# request: Give "Level Up" its own forum



## GlassJaw (Aug 12, 2020)

Given the amount of discussions in the past few days, they would be better organized into their own forum.

Thanks.


----------



## Morrus (Aug 12, 2020)

It has.









						Level Up: Advanced 5th Edition (A5E)
					

Welcome to Level Up, the standalone 'advanced 5E' backwards compatible tabletop RPG!




					www.enworld.org


----------



## GlassJaw (Aug 12, 2020)

Morrus said:


> It has.
> 
> 
> 
> ...




The threads also show up in the Dungeons & Dragons forum, so technically it has two forums.


----------



## Umbran (Aug 12, 2020)

Yeah, Morrus - 9 of the top 20 threads at this moment in the D&D forum are "level UP" tagged threads.


----------



## TwoSix (Aug 12, 2020)

Personally, I prefer the overlap; a lot of the discussion in those threads is basically "how could 5e be different/better" while is certainly apropos in a D&D forum.


----------



## Umbran (Aug 12, 2020)

TwoSix said:


> Personally, I prefer the overlap; a lot of the discussion in those threads is basically "how could 5e be different/better" while is certainly apropos in a D&D forum.




When it is taking up half the common discussion space, that's a bit much.


----------



## TwoSix (Aug 12, 2020)

Umbran said:


> When it is taking up half the common discussion space, that's a bit much.



That is, of course, a judgment call you and the moderation team must make.  Whatever you decide is fine with me.


----------



## humble minion (Aug 14, 2020)

Umbran said:


> When it is taking up half the common discussion space, that's a bit much.




Definitely +1 vote on this.


----------



## GlassJaw (Aug 16, 2020)

Currently half of the top 20 threads in the D&D forum have the "Level Up" tag, _and _it has its own forum with the same threads.


----------



## Morrus (Aug 17, 2020)

Yeah, I see what you mean. It's a Xenforo feature that puts child forum threads in the parent forum. I'll look see if it's a toggle somewhere.


----------



## CapnZapp (Aug 19, 2020)

It looks as if Level Up is now its own forum, not a subforum


----------



## R_J_K75 (Aug 19, 2020)

There's been so many threads added under the Level Up forum in the last week that I cant keep track of them, so I stopped trying.
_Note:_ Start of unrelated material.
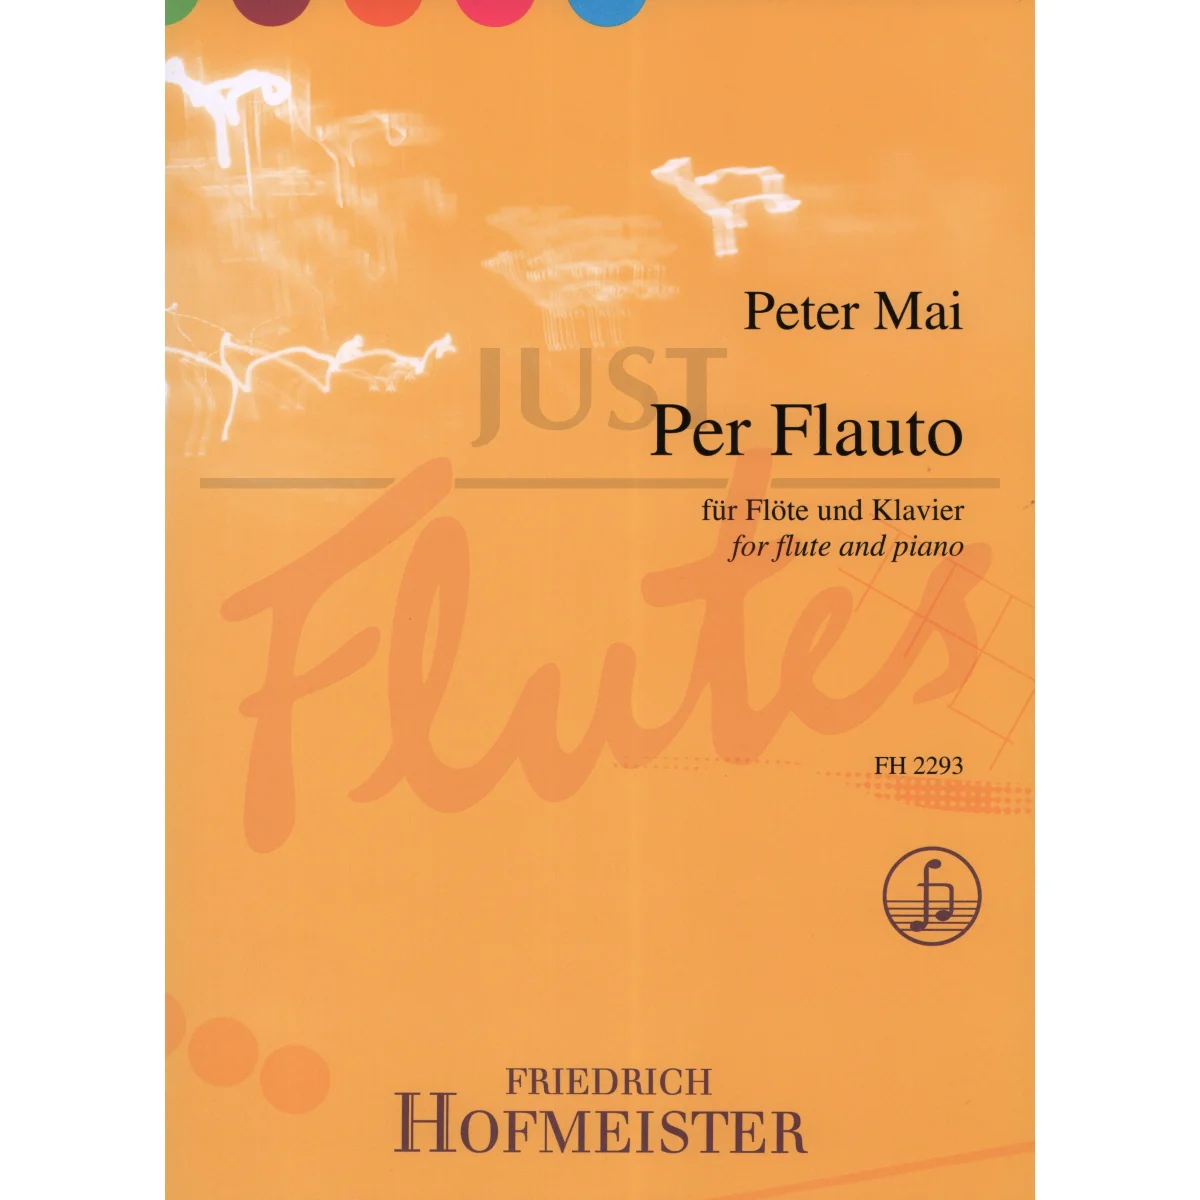 Per Flauto for Flute and Piano

D&D 5E was left vague in some places purposely, and some of the forum threads I've seen are asking that Level Up fill in gaps that don't need filling.  At this point I'm only interested in official surveys regarding this project.  I'm left wondering if its possible for even the project team can keep up with the amount of suggestions and the feedback generated by them?


----------



## Morrus (Aug 19, 2020)

R_J_K75 said:


> There's been so many threads added under the Level Up forum in the last week that I cant keep track of them, so I stopped trying. D&D 5E was left vague in some places purposely, and some of the forum threads I've seen are asking that Level Up fill in gaps that don't need filling.  At this point I'm only interested in official surveys regarding this project.  I'm left wondering if its possible for even the project team can keep up with the amount of suggestions and the feedback generated by them?
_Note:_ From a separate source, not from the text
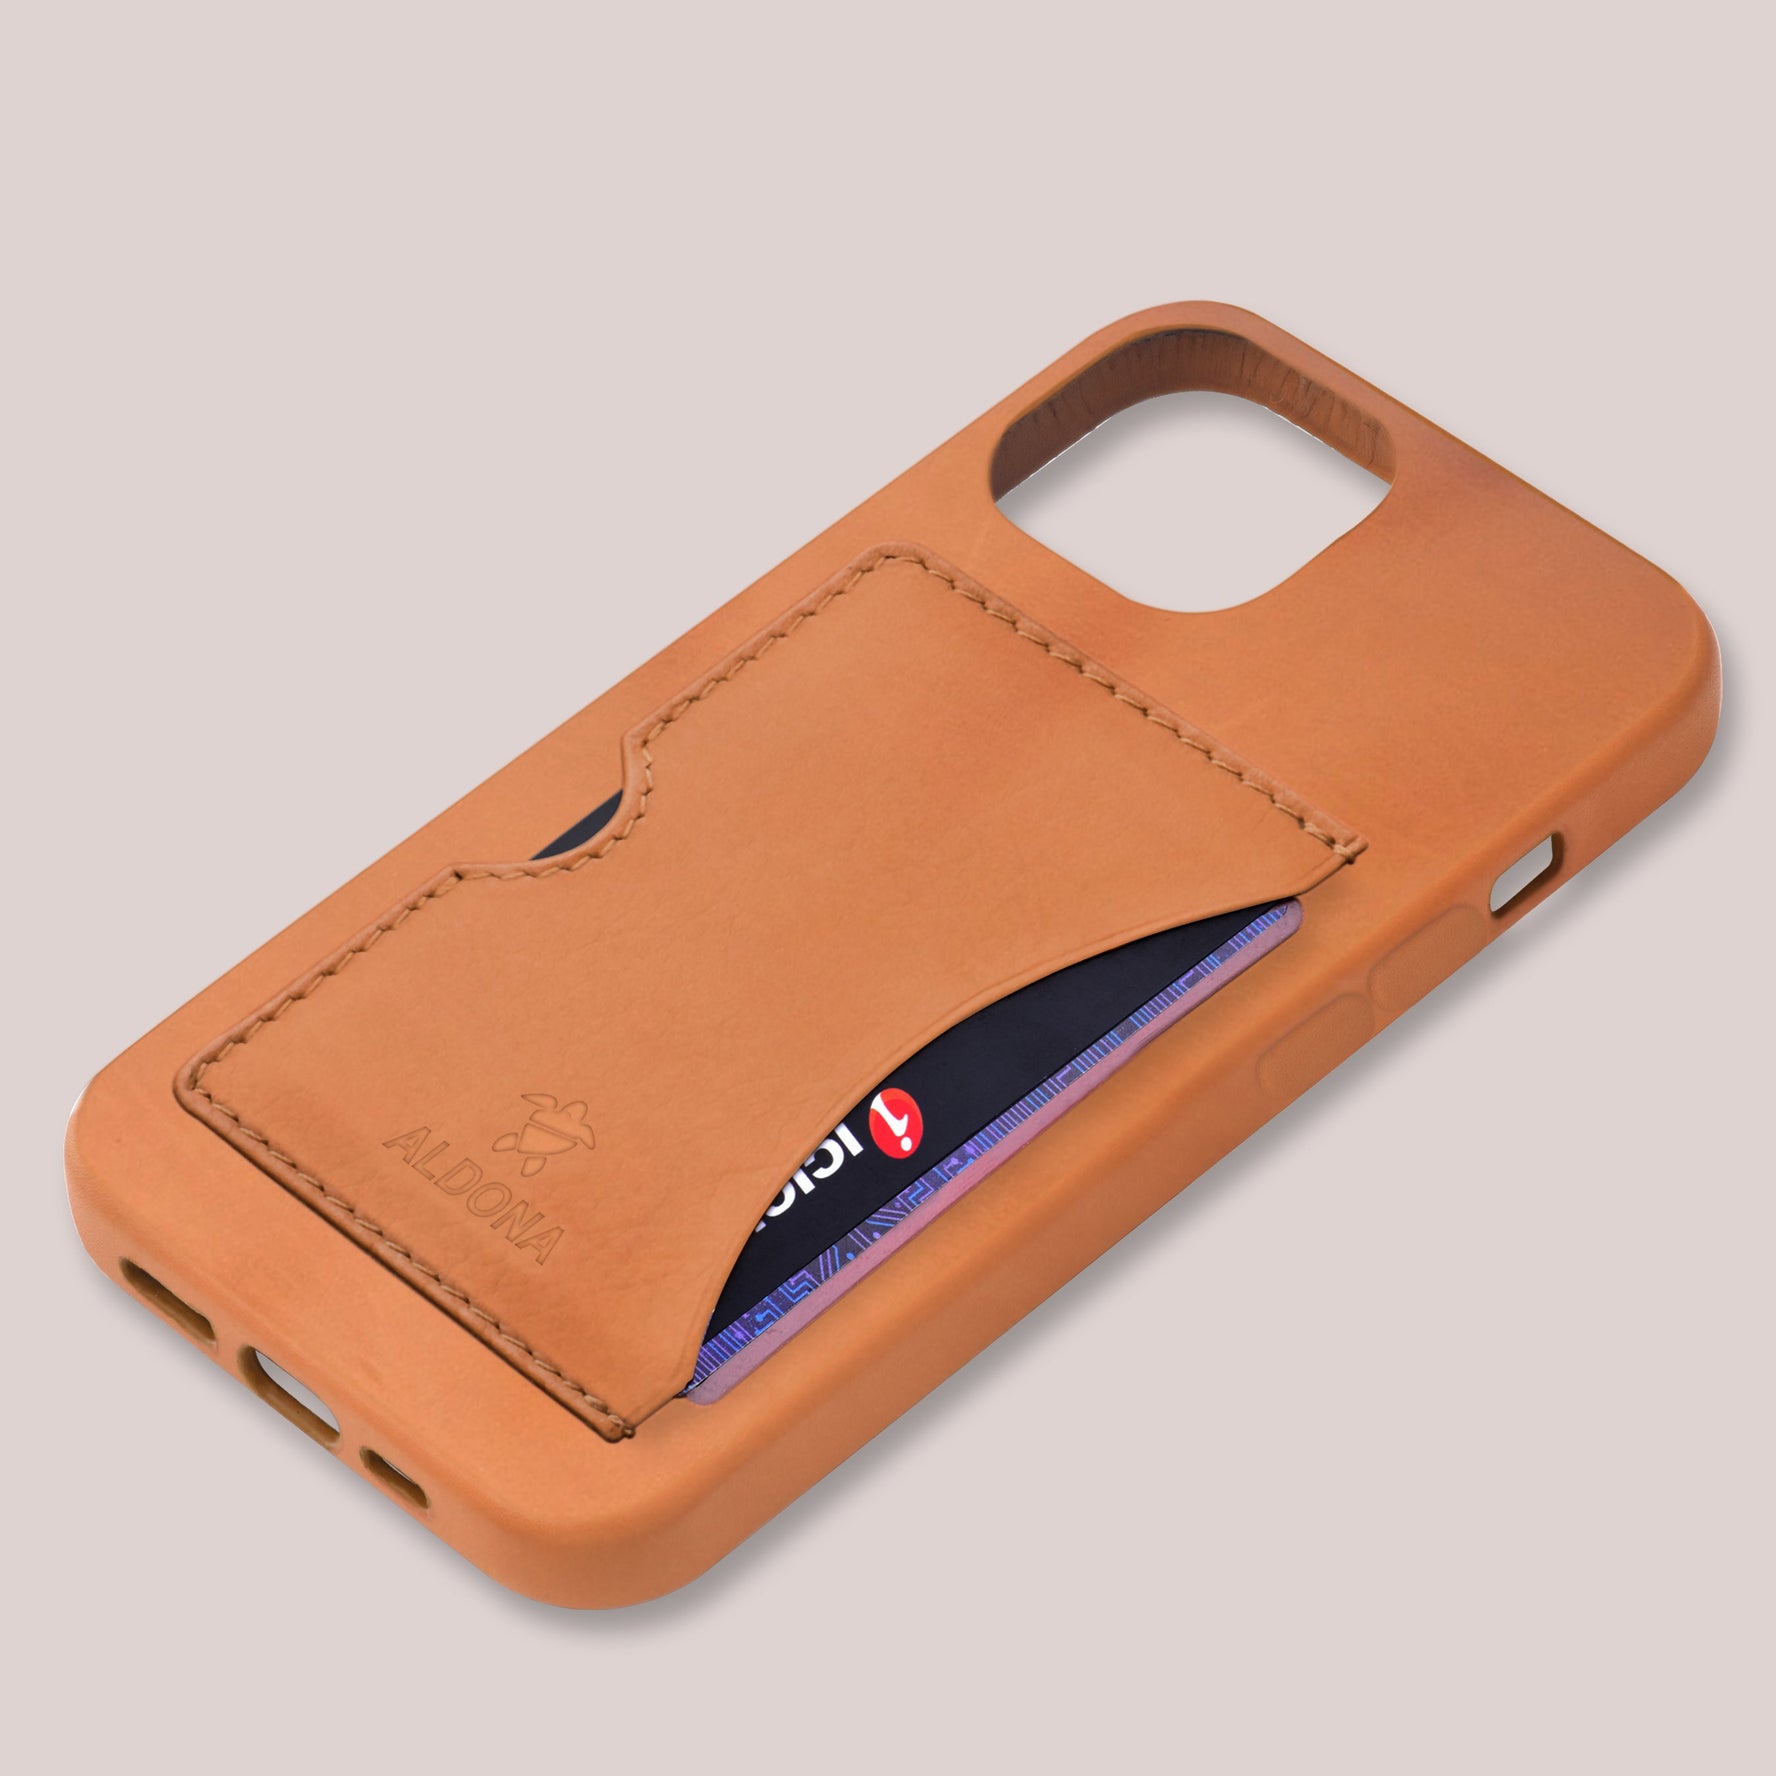 Baxter Card Case for iPhone 13 series - Vintage Tan

That's mainly what the surveys are for.


----------



## R_J_K75 (Aug 19, 2020)

Morrus said:


> That's mainly what the surveys are for.
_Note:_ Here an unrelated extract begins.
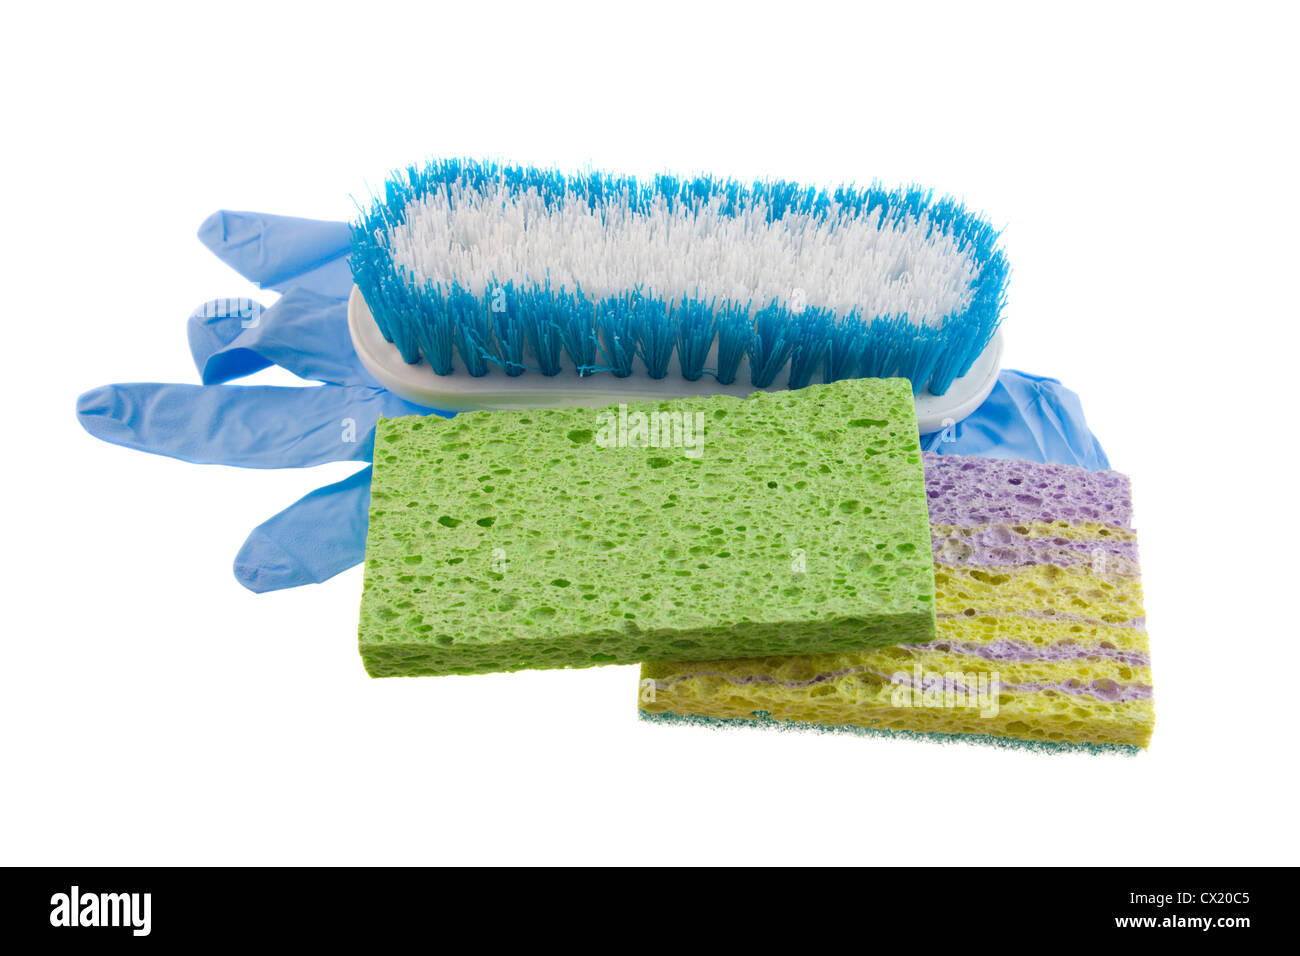 two cleaning sponges, blue and white scrub brush and a disposable glove isolated on white Stock Photo

I was referring to the Level Up threads, not the surveys.  If the surveys are being generated by the forum threads and their feedback I was just stating that there seems like there is alot to go through.


----------



## Morrus (Aug 19, 2020)

R_J_K75 said:


> I was referring to the Level Up threads, not the surveys.  If the surveys are being generated by the forum threads and their feedback I was just stating that there seems like there is alot to go through.



We're not under any illusion that it's possible to read every forum post, or to even try.


----------



## R_J_K75 (Aug 19, 2020)

Morrus said:


> We're not under any illusion that it's possible to read every forum post, or to even try.




I understand.  I was just expressing my concerns, thanks for the response.


----------



## CapnZapp (Aug 20, 2020)

Morrus said:


> We're not under any illusion that it's possible to read every forum post, or to even try.



Most posts are made as part of an ongoing discussion, but some are meant as direct suggestions to the Level Up team. If there would be some way to know if a particular idea has been taken into consideration (whether accepted or discarded doesn't matter) that would be great. 

A possible "blind spot" of survey-based feedback is that you get answers only to the questions you think to ask, but not to the questions you don't think to ask.

A humble suggestion would be to base at least one survey on forum thread topics taking up issues you haven't already asked about.


----------



## FrogReaver (Aug 20, 2020)

I’m kind of thinking they will make a better game without our input.


----------



## GlassJaw (Aug 20, 2020)

FrogReaver said:


> I’m kind of thinking they will make a better game without our input.




Well that's the dilemma of any project. It's good to have a read on what people want but at some point, you have to turn off the noise and trust your design. 

It also requires setting _very clear _design goals for yourself, otherwise you'll constantly be influenced by the masses and never finish anything.


----------



## LordEntrails (Aug 21, 2020)

Thanks for removing the Level Up posts from the 5E forums. Appreciate it.


----------